Отличник видел, что Игорю и впрямь больно, и Отличнику стало жаль Игоря. Но жаль не столько за его страдания, сколько за то, что он совершает самый понятный грех. И при всей своей греховности он боится идти вперед по дороге все возрастающего и возрастающего преступления, в конце которой, быть может, и ожидает святость, ибо даже рождать жизнь посреди смерти – разве не грех перед этой жизнью, которая потом будет мучиться?
– Ну чего ты взъелся? – примирительно сказал Отличник. – Не кидаю я в тебя куски кала. Просто мне Нелли врать неохота, вот и все. А другие, я думаю, просто завидуют твоим любовным победам – сами ведь к тому же стремятся.
– А разве ты к этому не стремишься? Почему ты себя отделил?
– Нельзя стремиться к тому, чего не знаешь…
– Как не знаешь? – совершенно изумился Игорь. – Ты ведь уже неделю живешь с Фимочкой – и… ничего?
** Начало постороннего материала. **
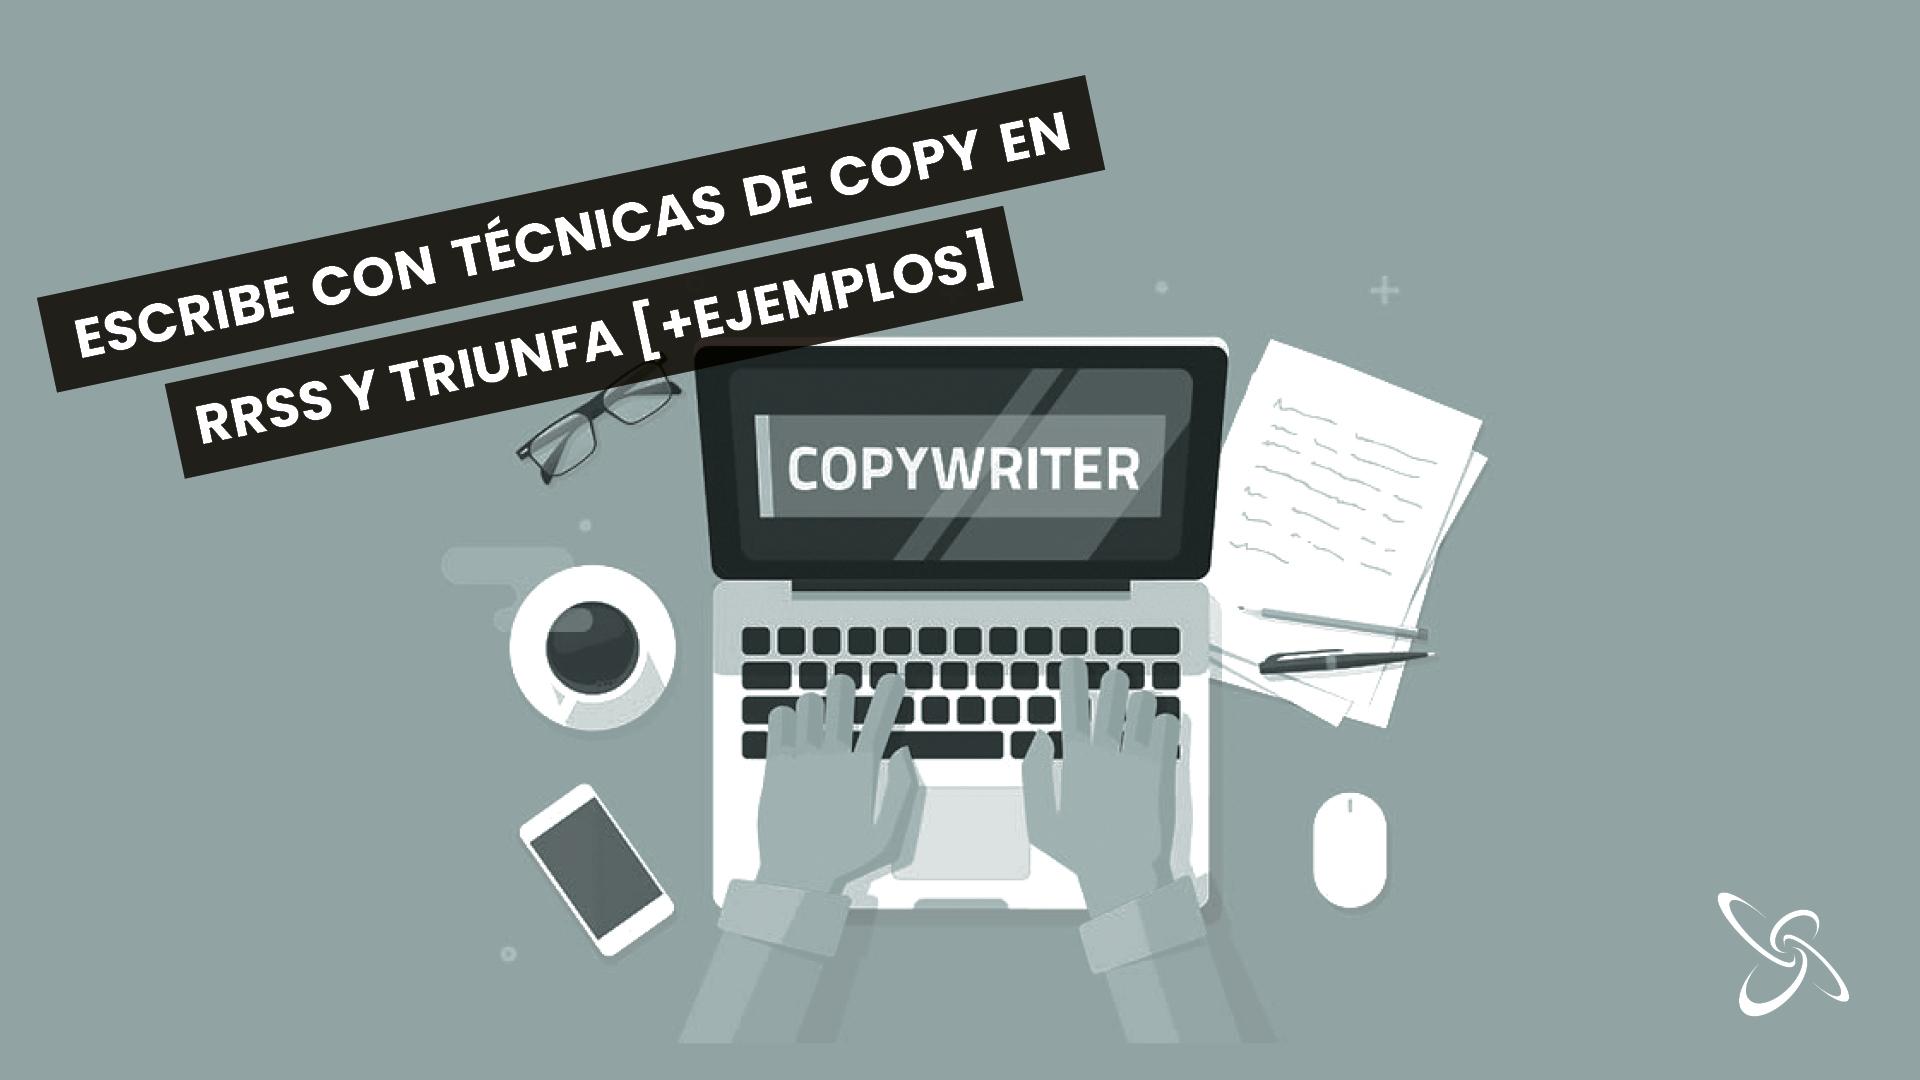 Escribe con técnicas de copywriting en redes sociales y triunfa

Отличник покраснел. Игорь осуждающе молчал.
– Мой юный друг, – строго начал он. – Видишь ли, в чем дело. Живому человеку свойственно любить. Это закон природы, а также психологии, физиологии и ряда других уважаемых дисциплин. За мертвых я поручиться в данном вопросе не могу, ибо не обладаю эмпирическим опытом в достаточной степени. Это посылка. Следствием является то, что ты рано или поздно в кого-нибудь влюбишься. Ты разделяешь мою точку зрения?
– Абсолютно, – кивнул Отличник.
– Я провел скрупулезный анализ твоих склонностей и в соответствии с полученными результатами из весьма обширного ассортимента моих знакомых противоположного пола отобрал тебе то лицо, которое обладает нужными данными, – некую Серафиму Стороженко. Смею утверждать как умудренный опытом естествоиспытатель, что данное лицо вызвало в тебе, мой юный друг, ожидаемый эмоциональный эффект.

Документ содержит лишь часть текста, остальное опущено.